The processing/checking process is carried out in a set of goroutines because the comparisons are easy to do in parallel. If the routine needs to pull a JSON reply, it calls a function that is laid out pretty much like the standard examples from the "here's how you get a web page in Go!" sites.


func GetReply(strAPI string, strServer string) string {

    // The URL to request
    strURL := strServer + /service/" + strAPI

        // Also add timeouts for connections
        tr := &http.Transport{
            Dial: (&net.Dialer{
               Timeout: 5 * time.Second,
            }).Dial,
            TLSHandshakeTimeout: 5 * time.Second,
        }
    client := &http.Client{
        Transport: tr,
        Timeout:   time.Second * 10,
    }

    // Turn it into a request
    req, err := http.NewRequest("GET", strURL, nil)
    if err != nil {
        fmt.Println("\nError forming request: " + err.Error())
        return ""
    }
    req.Header.Set("Content-Type", "application/json")
    req.Header.Set("Accept", "application/json")

    // Get the URL
    res, err := client.Do(req)
    if err != nil {
        fmt.Println("\nError reading response body: " + err.Error())
        if res != nil {
            res.Body.Close()
        }
        return ""
    }

    // What was the response status from the server?
    var strResult string
    if res.StatusCode != 200 {
        fmt.Println("\nError reading response body, status code: " + res.Status)
        if res != nil {
            res.Body.Close()
        }
        return ""
    }

    // Read the reply
    body, err := ioutil.ReadAll(res.Body)
    if err != nil {
        fmt.Println("\nError reading response body: " + err.Error())
        if res != nil {
            res.Body.Close()
        }
        return ""  
   }
    res.Body.Close()

    // Cut down on calls to convert this
    strResult = string(body)

    // Done
    return strResult

}

This is actually a modified version of what I've pulled from various tutorials and examples, adding more calls to Close() and doing a check for whether res is nil before performing that call in an error.

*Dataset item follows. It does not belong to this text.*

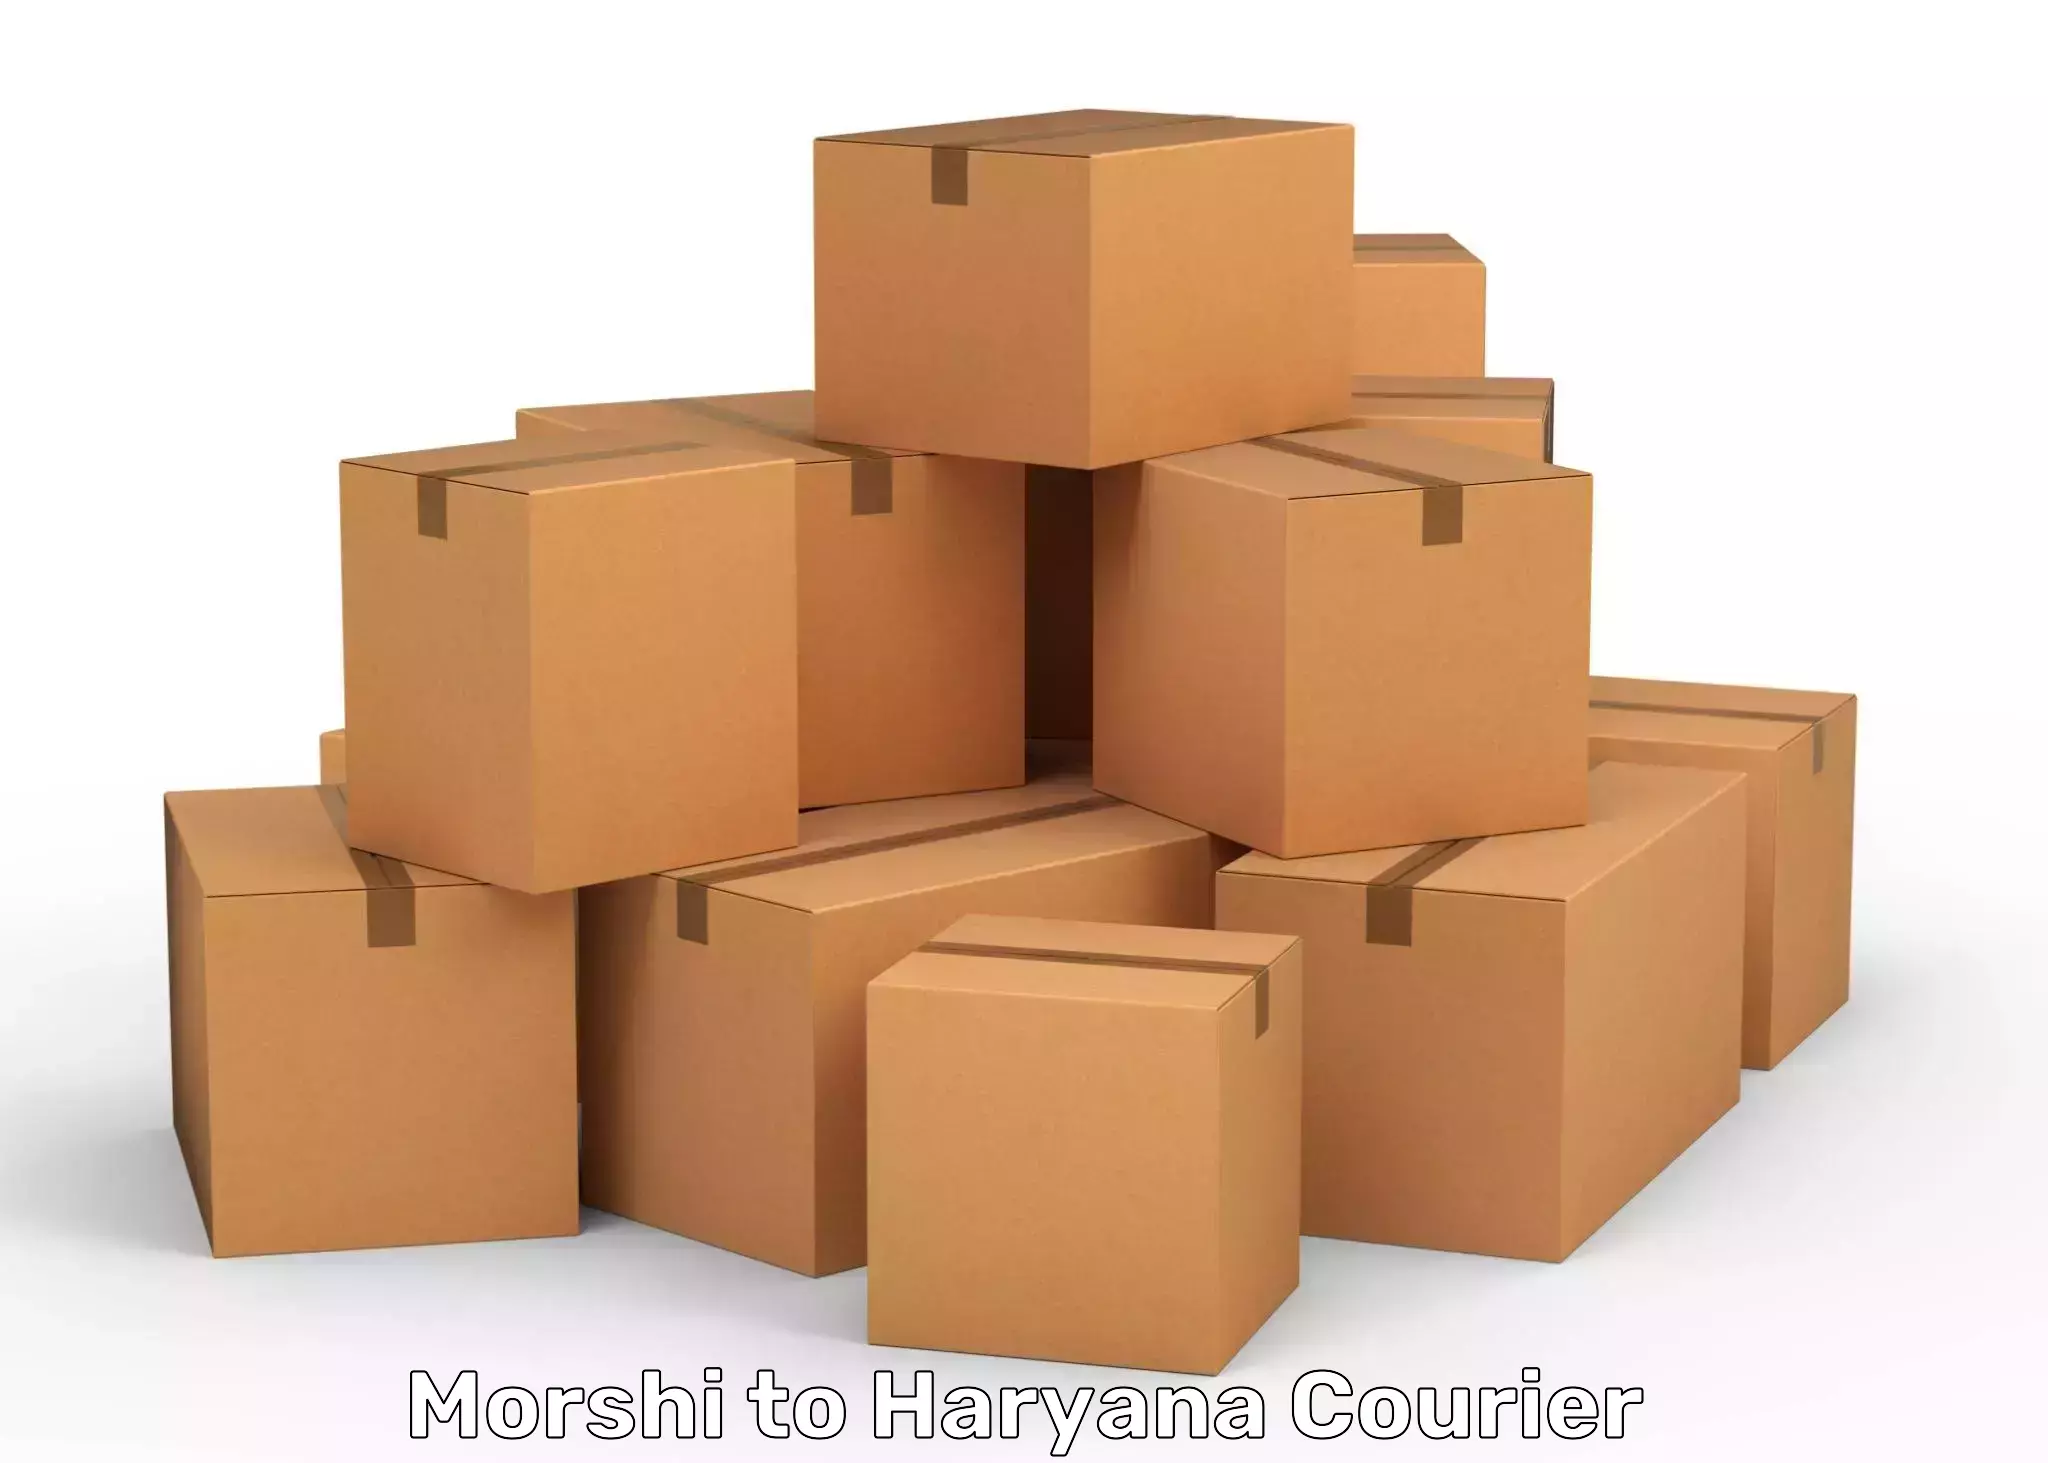 Specialized shipment handling in Morshi to NCR Haryana

I also added a timeout to the client because by default it is set to 0; no timeout. As you can probably guess this version was modified while troubleshooting.

After a few hours of the application running we had alerts come in about failing functions on the production servers. When I opened logs I discovered a number of "too many files open" errors, and a developer on the call said there were over 18,000 socket connections on each of the balanced servers.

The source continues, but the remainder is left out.